> Try it
Copy the listing below letter for letter, passing over each picture.

> Data segment

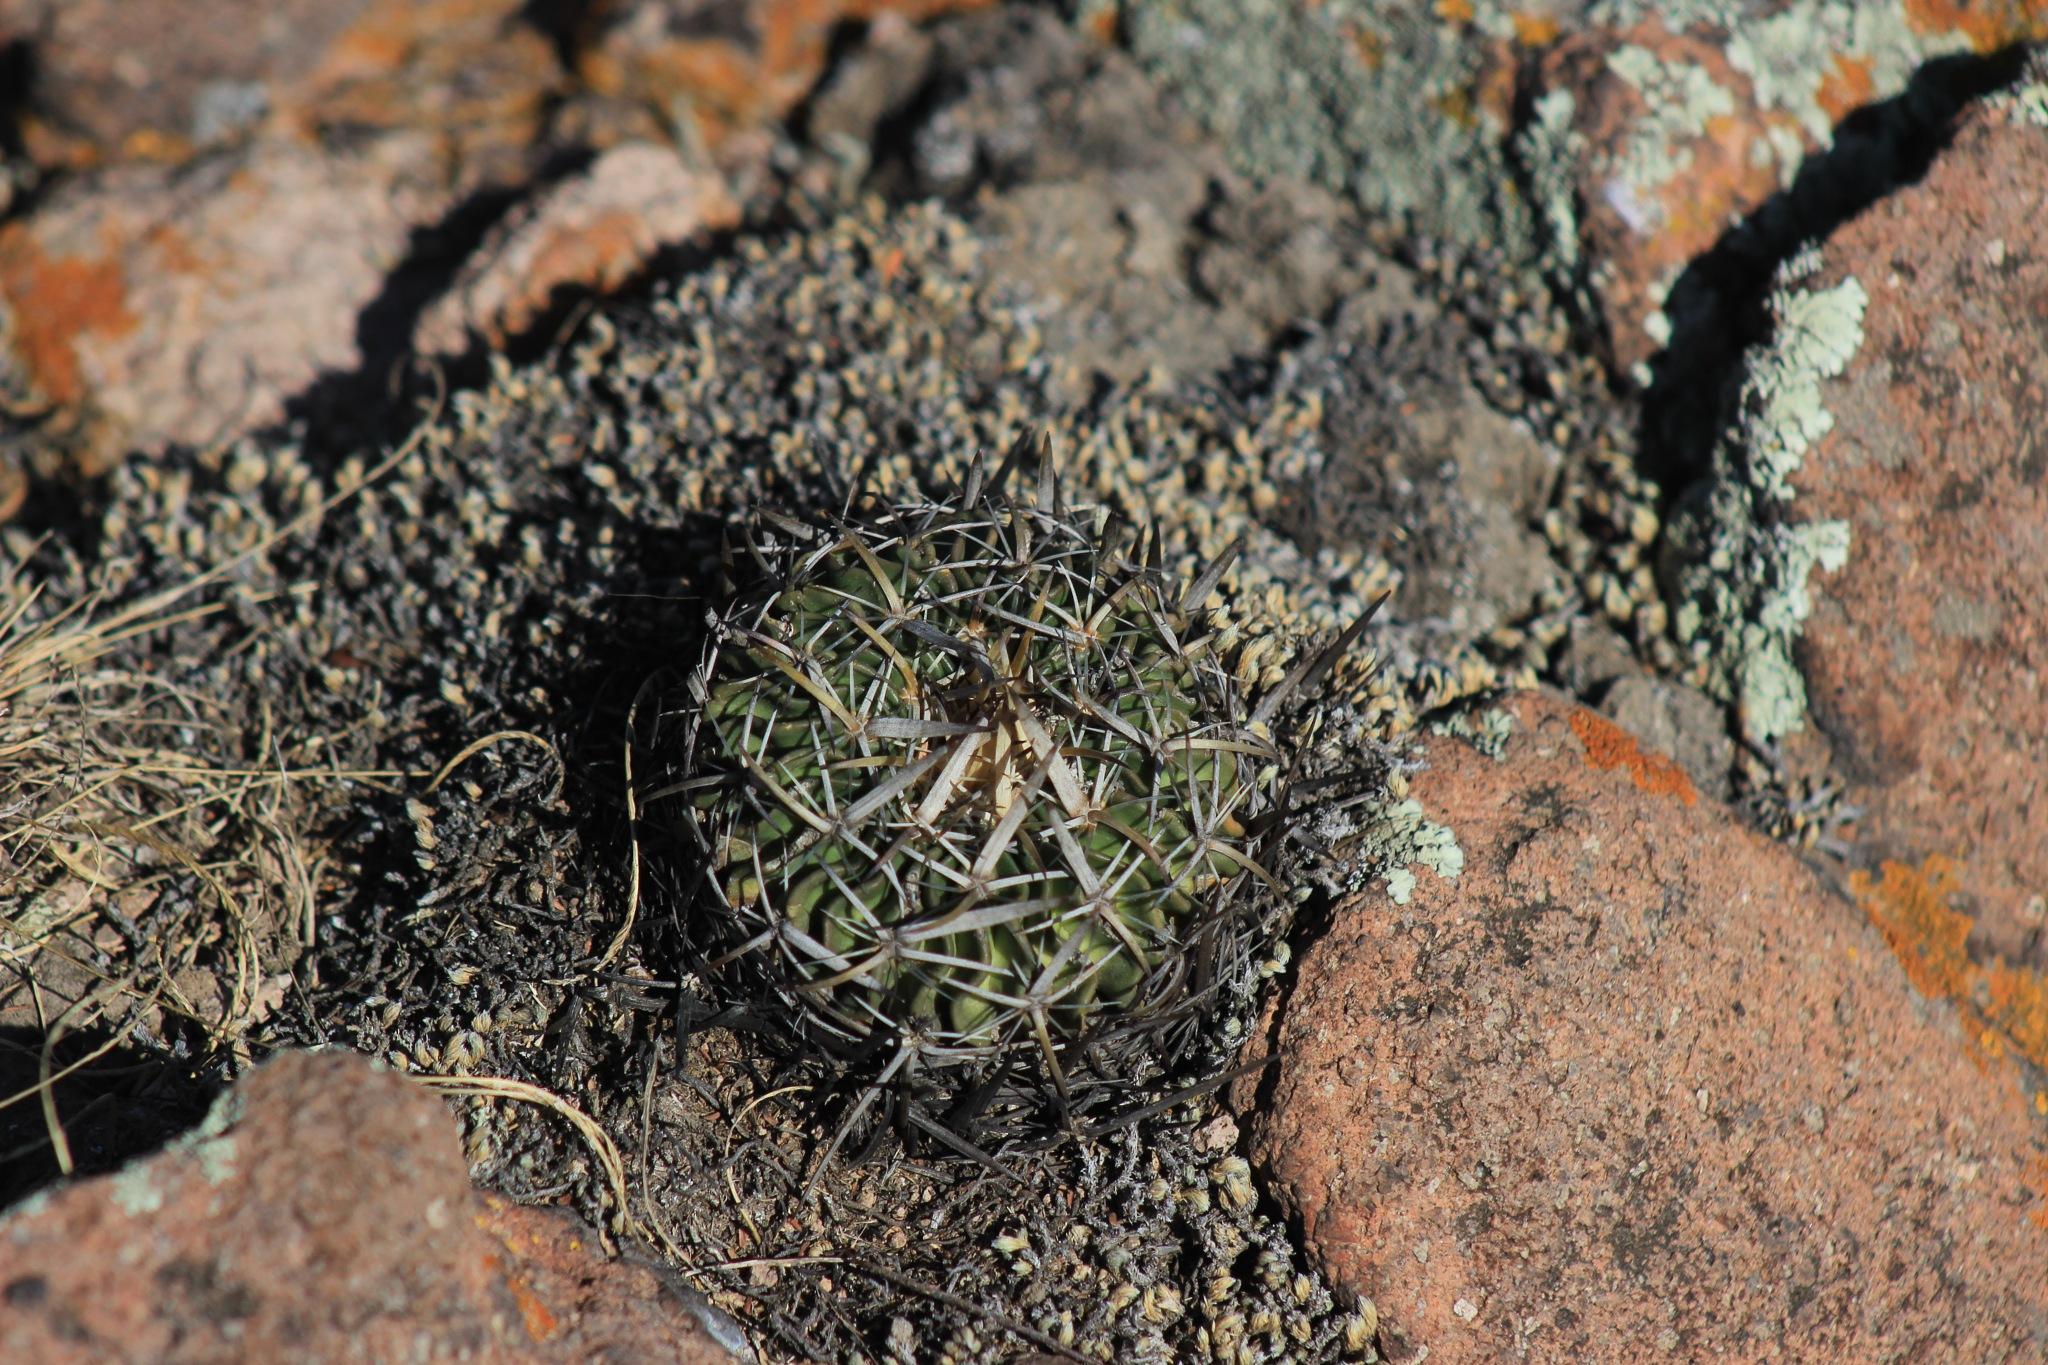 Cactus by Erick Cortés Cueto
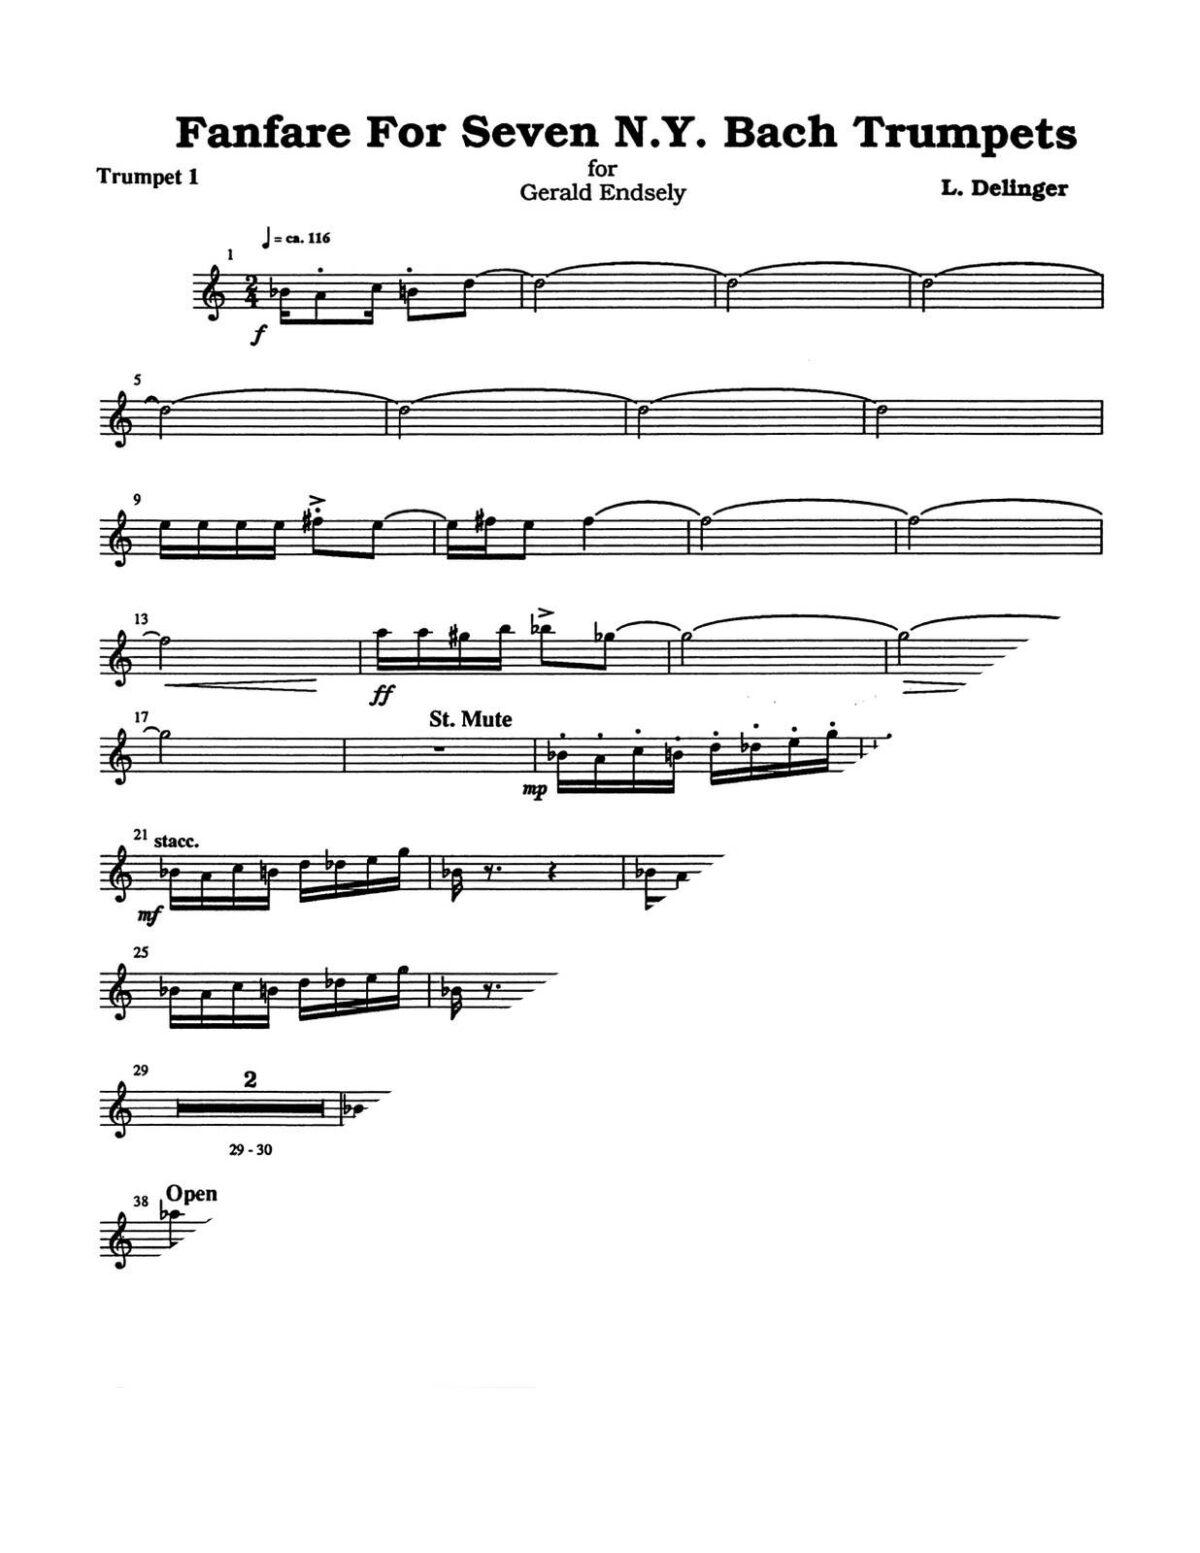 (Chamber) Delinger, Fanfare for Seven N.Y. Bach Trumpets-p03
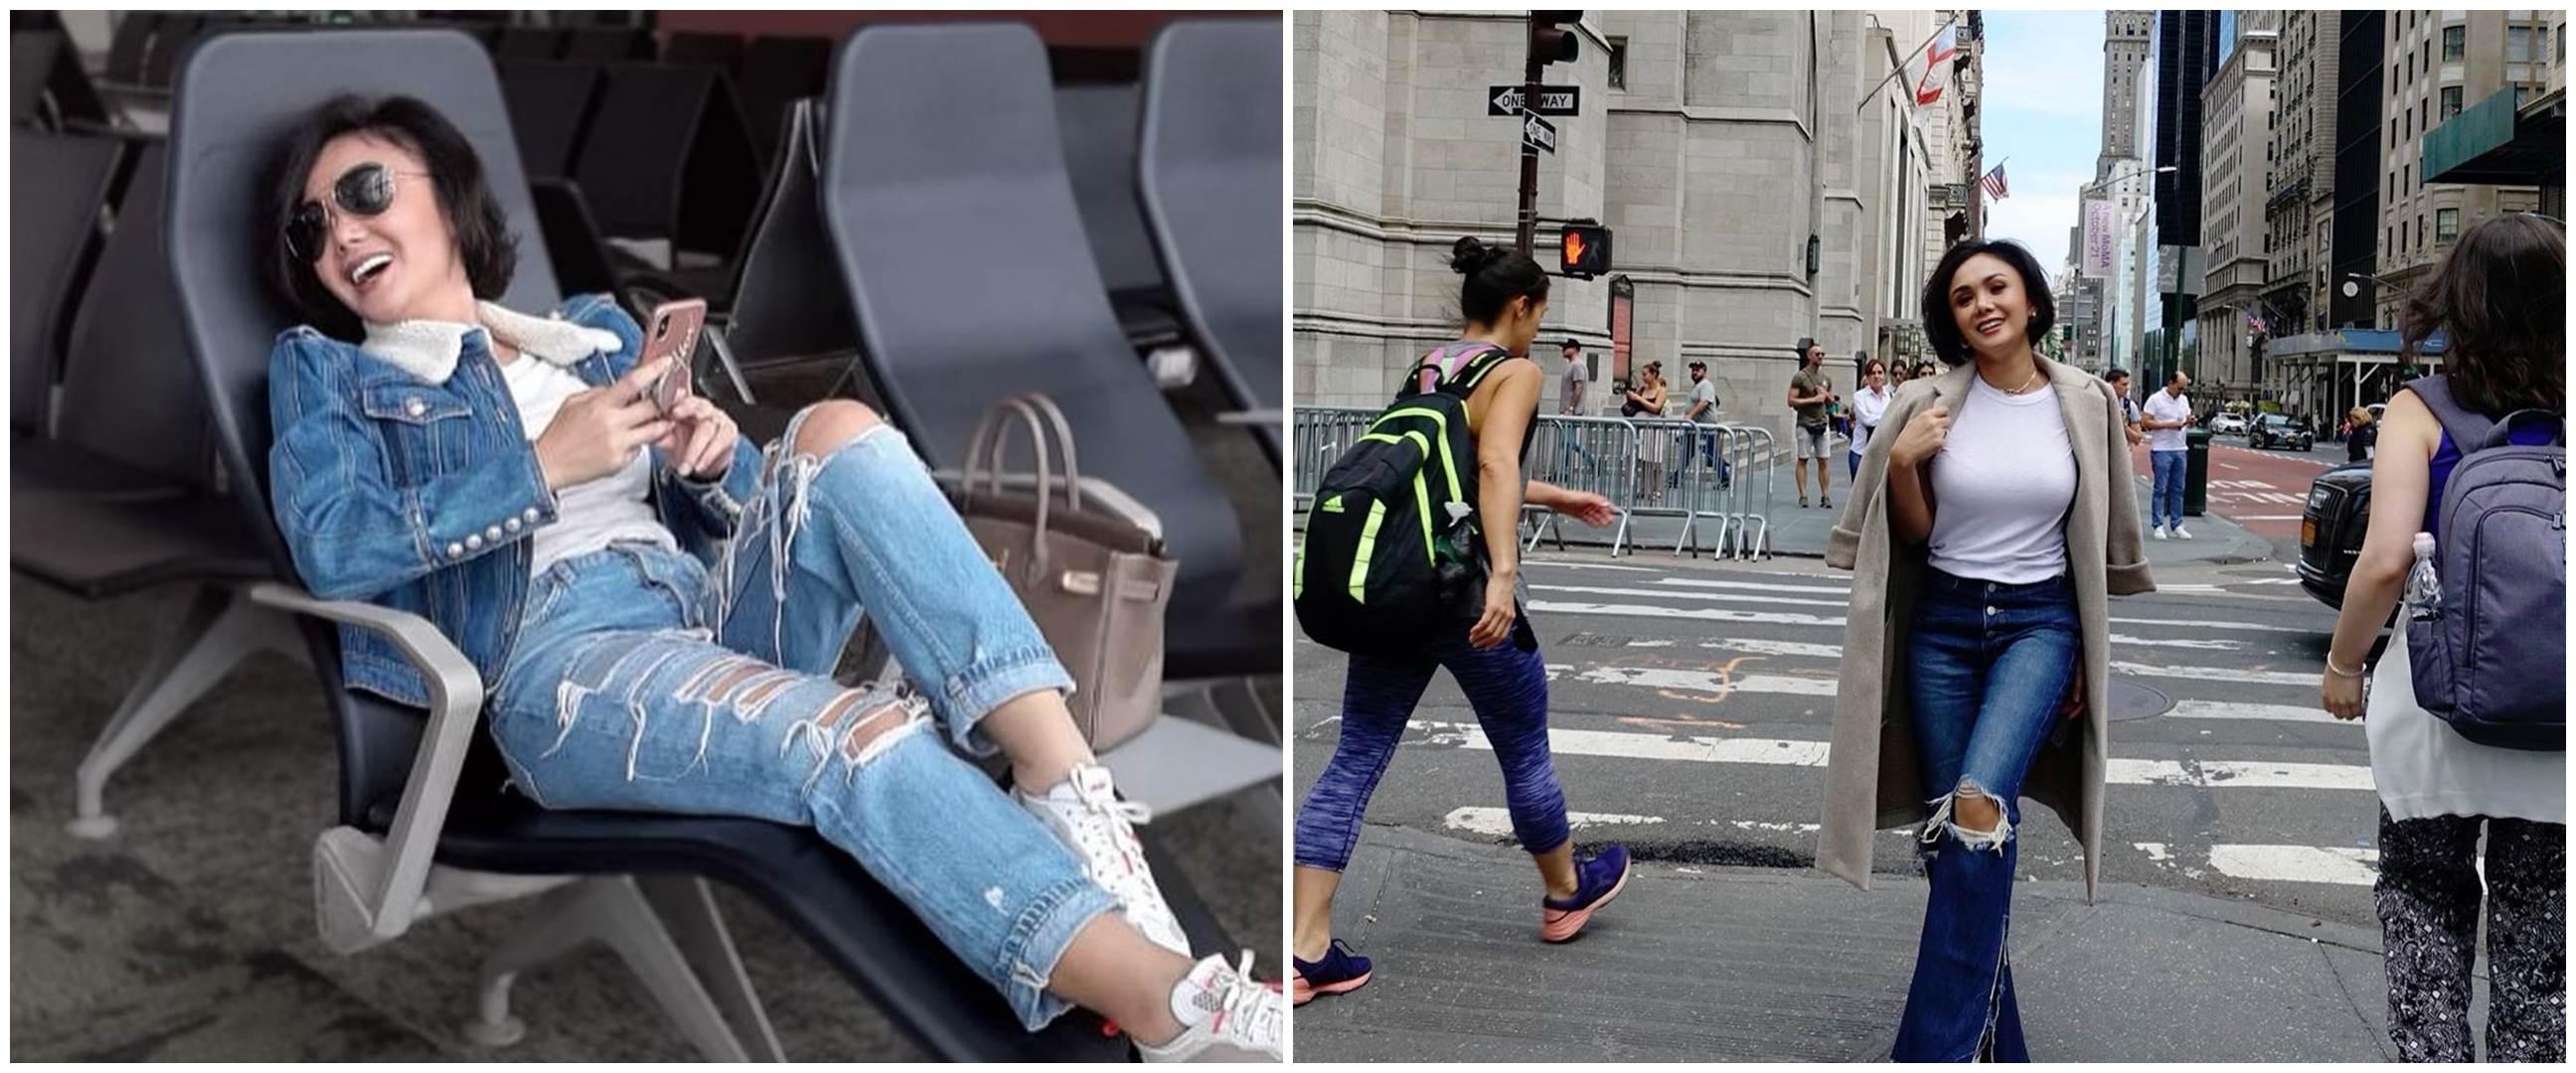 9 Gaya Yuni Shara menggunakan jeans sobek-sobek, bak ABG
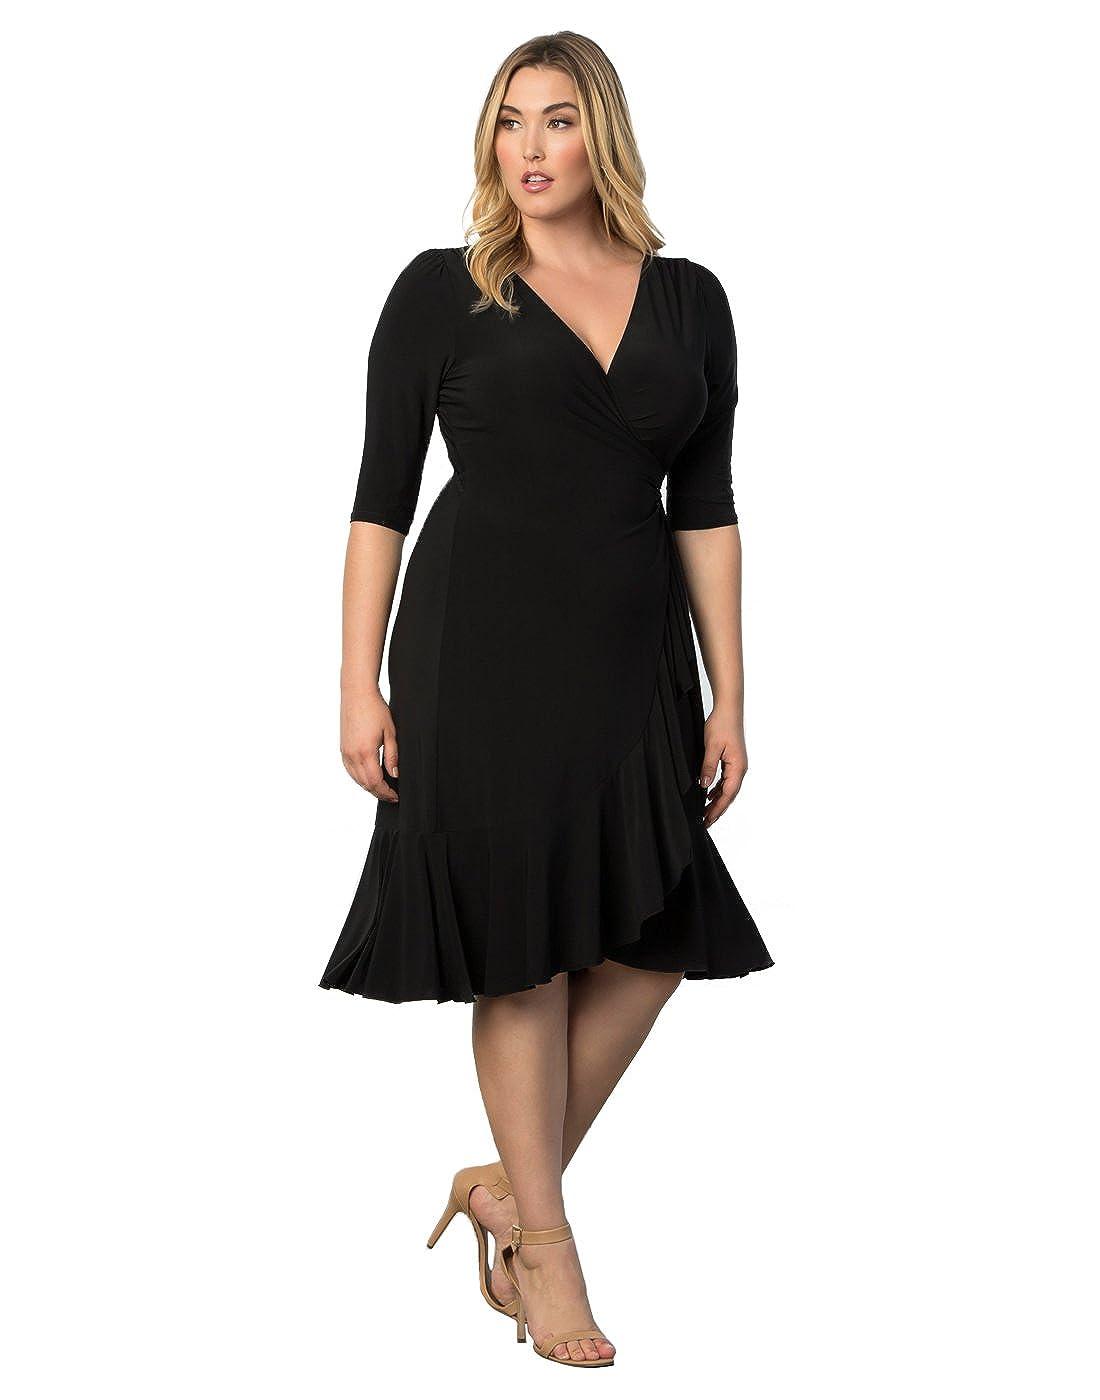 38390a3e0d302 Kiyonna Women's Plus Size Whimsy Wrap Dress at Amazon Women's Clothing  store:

> Task solution
 Cactus by Erick Cortés Cueto
 (Chamber) Delinger, Fanfare for Seven N.Y. Bach Trumpets-p03
 9 Gaya Yuni Shara menggunakan jeans sobek-sobek, bak ABG
 38390a3e0d302 Kiyonna Women's Plus Size Whimsy Wrap Dress at Amazon Women's Clothing  store:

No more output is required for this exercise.